=== Entries shown ===

# # # #

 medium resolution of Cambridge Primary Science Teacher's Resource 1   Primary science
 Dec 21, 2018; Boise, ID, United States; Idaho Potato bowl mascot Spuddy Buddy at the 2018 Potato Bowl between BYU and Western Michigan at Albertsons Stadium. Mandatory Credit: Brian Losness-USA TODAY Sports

# # # #

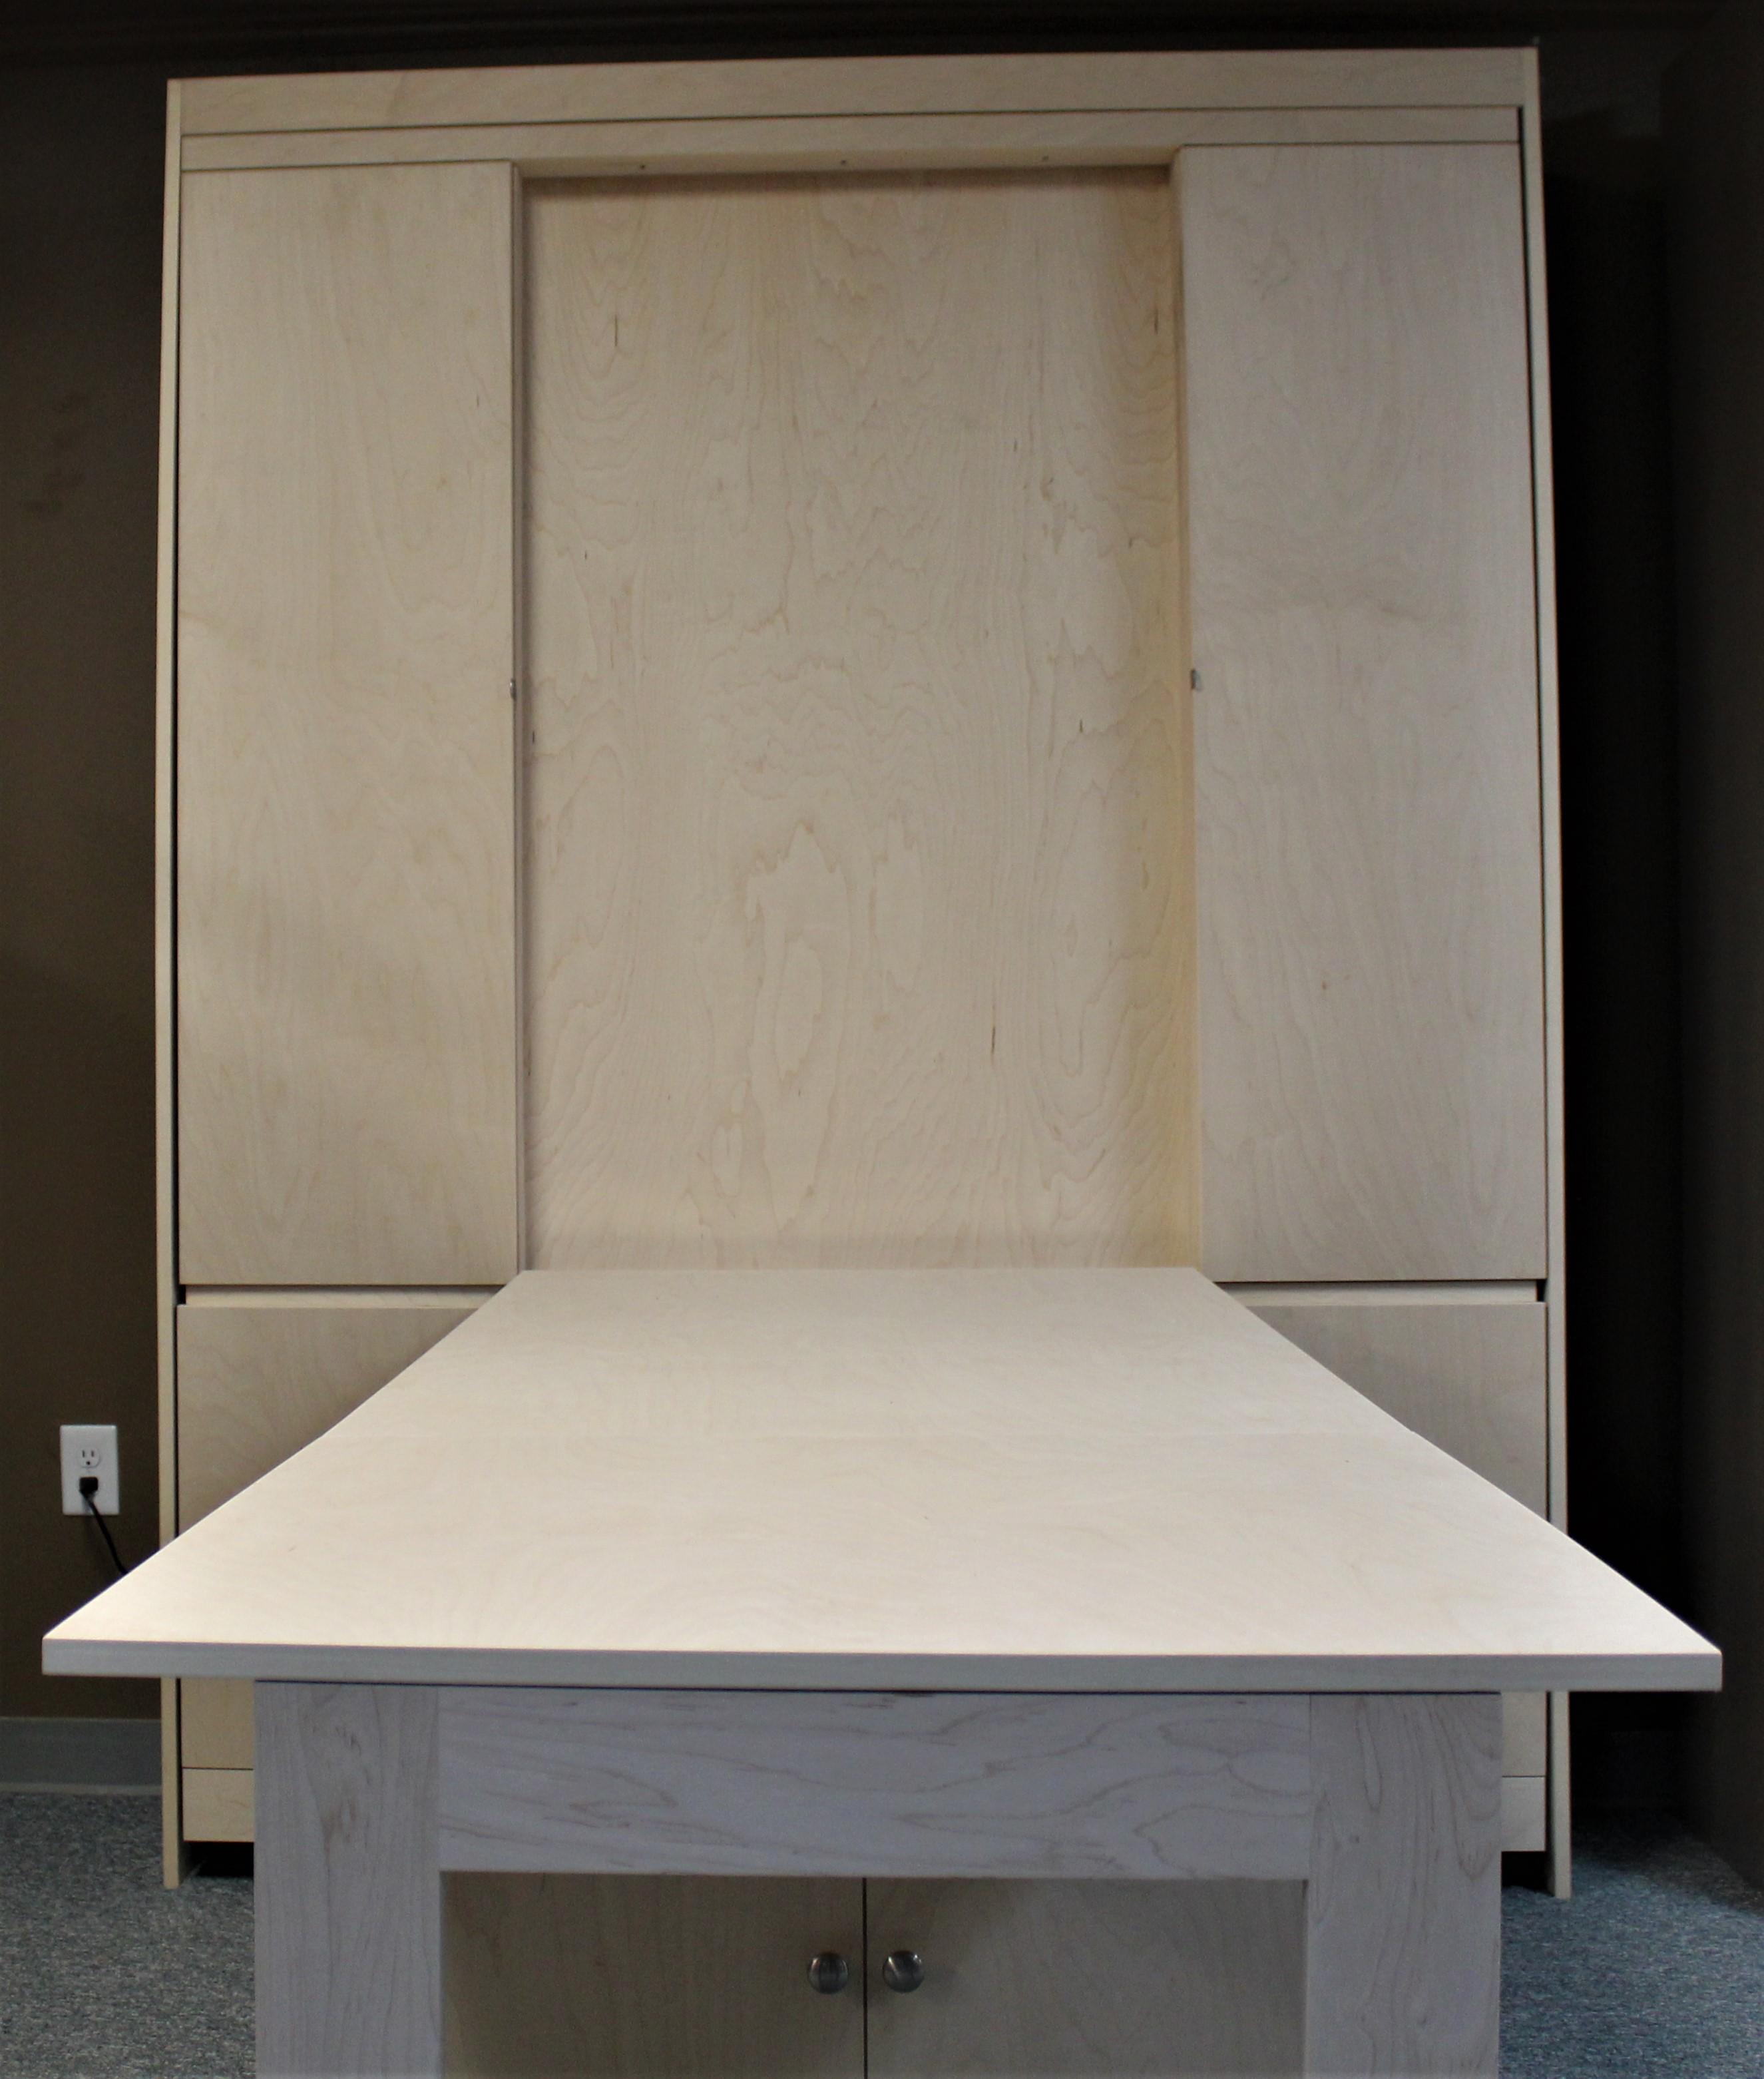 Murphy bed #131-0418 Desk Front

# # # #

=== About this task ===
Give again exactly, and only, the lines above starting at the one with "medium resolution of" and ending at the one with "Dec 21, 2018;".

=== Output of the exercise ===
 medium resolution of Cambridge Primary Science Teacher's Resource 1   Primary science
 Dec 21, 2018; Boise, ID, United States; Idaho Potato bowl mascot Spuddy Buddy at the 2018 Potato Bowl between BYU and Western Michigan at Albertsons Stadium. Mandatory Credit: Brian Losness-USA TODAY Sports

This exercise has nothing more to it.